Partitioning of Ecosystem Autotrophic and Heterotrophic Respiration using Multi-source Data and Knowledge-guided Machine Learning
Autotrophic respiration (Ra) and heterotrophic respiration (Rh) are important components of the terrestrial carbon cycle, but they remain understudied due to the challenge of separately quantifying these processes in field measurements. Ecosystem respiration (Reco) can be partitioned from net ecosystem exchange (NEE) using eddy covariance (EC) flux tower measurements, but Ra and Rh are rarely further partitioned with high confidence. The lack of continuous, ecosystem-level data for Ra and Rh hinders our understanding of the ecosystem carbon cycle and leads to significant disagreements in carbon budget simulations. Efforts have been made over the years to separate Ra and Rh, but existing methods have limitations such as spatial and temporal coverage, or limited resolution and accuracy. Existing datasets measure different components of ecosystem respiration fluxes but are unable to directly separate Ra and Rh, and there is an unmet need for synthesis efforts to obtain a comprehensive understanding of Ra and Rh components.

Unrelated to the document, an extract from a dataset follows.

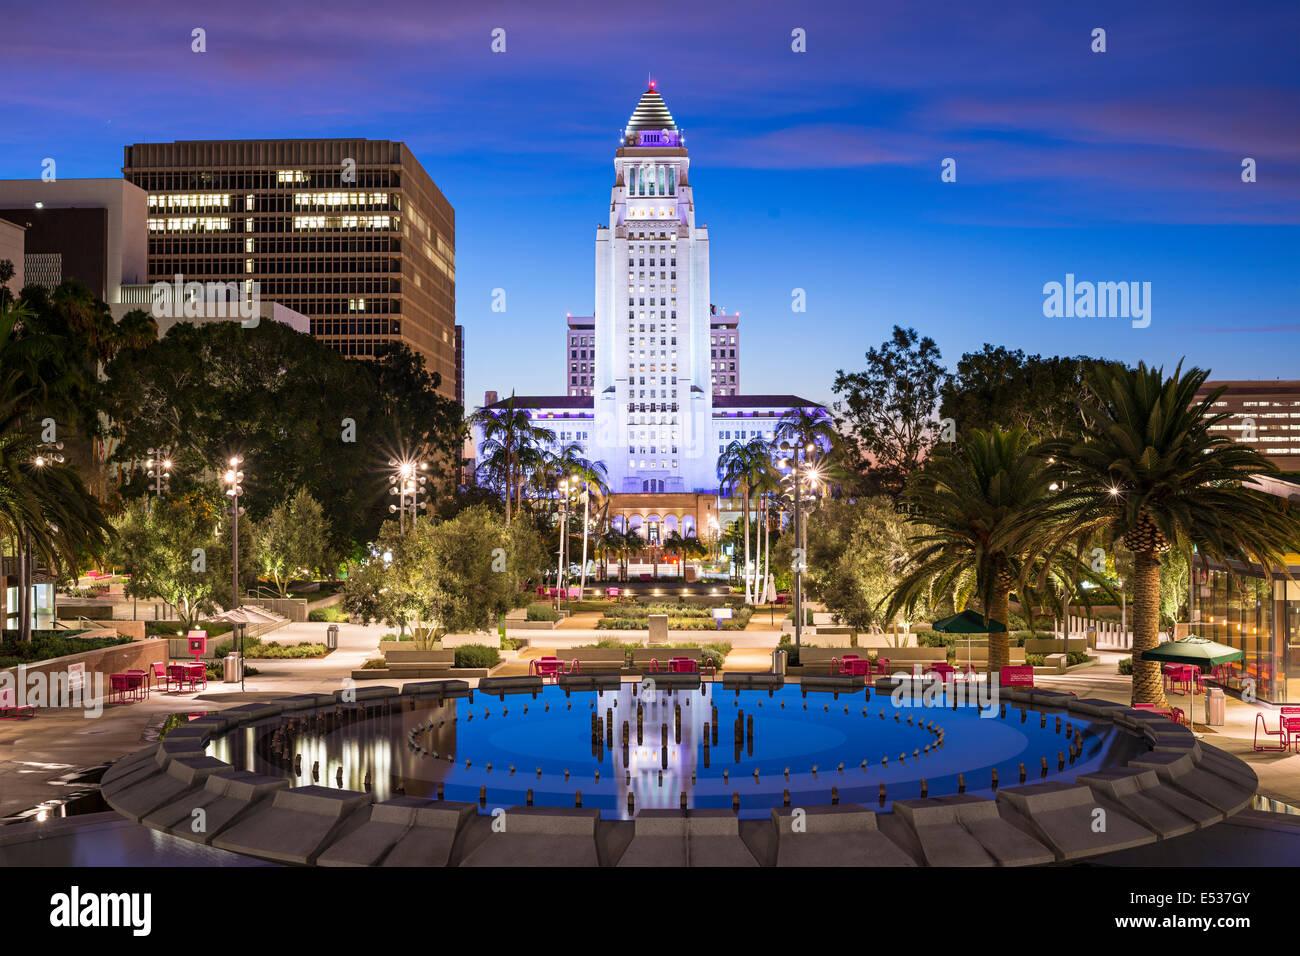 Los Angeles, Kalifornien, USA Innenstadt am Rathaus. Stockbild

To address this gap, this study aims to (1) synthesize available datasets for Reco, Ra, and Rh; (2) significantly expand an existing knowledge-guided machine learning (KGML) framework, named KGML-Carbon, to generate separate Ra and Rh determinations at the field-to-regional level; and (3) investigate how spatial and temporal patterns, key drivers, and responses of Ra and Rh to climate change differ from the existing knowledge primarily derived from the combined Reco. The KGML-Carbon framework was originally designed by the research team to quantify carbon budgets (i.e. NEE, Reco, crop yield, and soil carbon stocks). The expanded framework will explicitly separate the component fluxes of Reco, including above- and below-ground Ra (Ra_ab and Ra_bl) and Rh for various ecosystems across the globe. It will seamlessly integrate cutting-edge scientific knowledge of biogeochemical processes with advanced machine learning models, leveraging multi-task learning and transfer learning techniques to synthesize information from multiple sources at different scales. This study will significantly improve our understanding of the carbon budget by providing large amounts of accurate, continuous, and landscape-level data on Ra and Rh.